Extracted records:
=== Section Start ===

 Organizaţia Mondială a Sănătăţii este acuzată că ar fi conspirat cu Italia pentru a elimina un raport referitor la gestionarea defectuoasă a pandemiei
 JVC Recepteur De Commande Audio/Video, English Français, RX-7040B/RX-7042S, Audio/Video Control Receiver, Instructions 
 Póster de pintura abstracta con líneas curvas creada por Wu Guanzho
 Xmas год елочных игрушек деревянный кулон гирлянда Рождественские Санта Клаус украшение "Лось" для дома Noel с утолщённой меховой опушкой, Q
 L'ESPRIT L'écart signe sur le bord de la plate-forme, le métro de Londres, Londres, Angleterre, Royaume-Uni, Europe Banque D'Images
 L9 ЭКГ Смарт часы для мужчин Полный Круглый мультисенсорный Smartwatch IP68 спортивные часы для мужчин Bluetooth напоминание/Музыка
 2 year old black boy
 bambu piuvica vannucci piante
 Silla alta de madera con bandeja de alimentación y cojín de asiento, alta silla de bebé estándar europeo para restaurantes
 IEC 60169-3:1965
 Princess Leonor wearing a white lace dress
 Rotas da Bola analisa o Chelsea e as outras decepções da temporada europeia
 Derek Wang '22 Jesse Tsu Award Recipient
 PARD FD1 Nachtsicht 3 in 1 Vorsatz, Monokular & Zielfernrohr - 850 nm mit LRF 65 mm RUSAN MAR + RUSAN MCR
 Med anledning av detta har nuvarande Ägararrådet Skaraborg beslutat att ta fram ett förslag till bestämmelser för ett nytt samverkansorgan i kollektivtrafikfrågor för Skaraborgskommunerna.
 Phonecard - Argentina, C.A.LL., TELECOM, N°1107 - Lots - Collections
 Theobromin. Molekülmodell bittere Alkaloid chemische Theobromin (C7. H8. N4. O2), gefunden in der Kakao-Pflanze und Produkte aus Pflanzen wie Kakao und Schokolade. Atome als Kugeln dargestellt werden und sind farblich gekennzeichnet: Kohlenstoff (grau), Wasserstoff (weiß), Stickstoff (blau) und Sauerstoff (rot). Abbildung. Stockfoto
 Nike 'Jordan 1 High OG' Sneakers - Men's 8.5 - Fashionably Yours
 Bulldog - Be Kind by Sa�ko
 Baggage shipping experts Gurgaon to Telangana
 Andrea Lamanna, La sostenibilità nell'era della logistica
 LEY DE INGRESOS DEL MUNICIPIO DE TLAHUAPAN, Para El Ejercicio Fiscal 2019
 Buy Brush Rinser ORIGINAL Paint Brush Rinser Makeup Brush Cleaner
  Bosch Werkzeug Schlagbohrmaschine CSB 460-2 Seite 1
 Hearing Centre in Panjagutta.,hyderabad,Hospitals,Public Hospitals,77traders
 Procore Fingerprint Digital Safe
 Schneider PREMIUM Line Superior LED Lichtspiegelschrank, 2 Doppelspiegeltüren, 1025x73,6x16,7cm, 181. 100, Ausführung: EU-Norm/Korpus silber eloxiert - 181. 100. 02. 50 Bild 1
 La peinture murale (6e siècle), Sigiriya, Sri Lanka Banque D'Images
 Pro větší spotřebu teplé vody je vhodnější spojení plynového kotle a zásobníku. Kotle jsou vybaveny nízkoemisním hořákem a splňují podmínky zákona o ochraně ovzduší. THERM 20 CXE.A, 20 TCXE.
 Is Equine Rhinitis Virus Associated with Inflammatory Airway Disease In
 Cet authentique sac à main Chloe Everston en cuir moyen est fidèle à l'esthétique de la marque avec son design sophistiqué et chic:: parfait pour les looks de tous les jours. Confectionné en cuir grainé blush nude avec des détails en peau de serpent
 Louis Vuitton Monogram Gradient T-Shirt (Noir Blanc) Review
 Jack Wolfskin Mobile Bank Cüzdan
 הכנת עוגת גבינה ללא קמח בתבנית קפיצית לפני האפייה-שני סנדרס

=== Section End ===

§ **Task objective**
Reproduce the data above in full. Leave nothing out.

§ **Solution for this problem**
 Organizaţia Mondială a Sănătăţii este acuzată că ar fi conspirat cu Italia pentru a elimina un raport referitor la gestionarea defectuoasă a pandemiei
 JVC Recepteur De Commande Audio/Video, English Français, RX-7040B/RX-7042S, Audio/Video Control Receiver, Instructions 
 Póster de pintura abstracta con líneas curvas creada por Wu Guanzho
 Xmas год елочных игрушек деревянный кулон гирлянда Рождественские Санта Клаус украшение "Лось" для дома Noel с утолщённой меховой опушкой, Q
 L'ESPRIT L'écart signe sur le bord de la plate-forme, le métro de Londres, Londres, Angleterre, Royaume-Uni, Europe Banque D'Images
 L9 ЭКГ Смарт часы для мужчин Полный Круглый мультисенсорный Smartwatch IP68 спортивные часы для мужчин Bluetooth напоминание/Музыка
 2 year old black boy
 bambu piuvica vannucci piante
 Silla alta de madera con bandeja de alimentación y cojín de asiento, alta silla de bebé estándar europeo para restaurantes
 IEC 60169-3:1965
 Princess Leonor wearing a white lace dress
 Rotas da Bola analisa o Chelsea e as outras decepções da temporada europeia
 Derek Wang '22 Jesse Tsu Award Recipient
 PARD FD1 Nachtsicht 3 in 1 Vorsatz, Monokular & Zielfernrohr - 850 nm mit LRF 65 mm RUSAN MAR + RUSAN MCR
 Med anledning av detta har nuvarande Ägararrådet Skaraborg beslutat att ta fram ett förslag till bestämmelser för ett nytt samverkansorgan i kollektivtrafikfrågor för Skaraborgskommunerna.
 Phonecard - Argentina, C.A.LL., TELECOM, N°1107 - Lots - Collections
 Theobromin. Molekülmodell bittere Alkaloid chemische Theobromin (C7. H8. N4. O2), gefunden in der Kakao-Pflanze und Produkte aus Pflanzen wie Kakao und Schokolade. Atome als Kugeln dargestellt werden und sind farblich gekennzeichnet: Kohlenstoff (grau), Wasserstoff (weiß), Stickstoff (blau) und Sauerstoff (rot). Abbildung. Stockfoto
 Nike 'Jordan 1 High OG' Sneakers - Men's 8.5 - Fashionably Yours
 Bulldog - Be Kind by Sa�ko
 Baggage shipping experts Gurgaon to Telangana
 Andrea Lamanna, La sostenibilità nell'era della logistica
 LEY DE INGRESOS DEL MUNICIPIO DE TLAHUAPAN, Para El Ejercicio Fiscal 2019
 Buy Brush Rinser ORIGINAL Paint Brush Rinser Makeup Brush Cleaner
  Bosch Werkzeug Schlagbohrmaschine CSB 460-2 Seite 1
 Hearing Centre in Panjagutta.,hyderabad,Hospitals,Public Hospitals,77traders
 Procore Fingerprint Digital Safe
 Schneider PREMIUM Line Superior LED Lichtspiegelschrank, 2 Doppelspiegeltüren, 1025x73,6x16,7cm, 181. 100, Ausführung: EU-Norm/Korpus silber eloxiert - 181. 100. 02. 50 Bild 1
 La peinture murale (6e siècle), Sigiriya, Sri Lanka Banque D'Images
 Pro větší spotřebu teplé vody je vhodnější spojení plynového kotle a zásobníku. Kotle jsou vybaveny nízkoemisním hořákem a splňují podmínky zákona o ochraně ovzduší. THERM 20 CXE.A, 20 TCXE.
 Is Equine Rhinitis Virus Associated with Inflammatory Airway Disease In
 Cet authentique sac à main Chloe Everston en cuir moyen est fidèle à l'esthétique de la marque avec son design sophistiqué et chic:: parfait pour les looks de tous les jours. Confectionné en cuir grainé blush nude avec des détails en peau de serpent
 Louis Vuitton Monogram Gradient T-Shirt (Noir Blanc) Review
 Jack Wolfskin Mobile Bank Cüzdan
 הכנת עוגת גבינה ללא קמח בתבנית קפיצית לפני האפייה-שני סנדרס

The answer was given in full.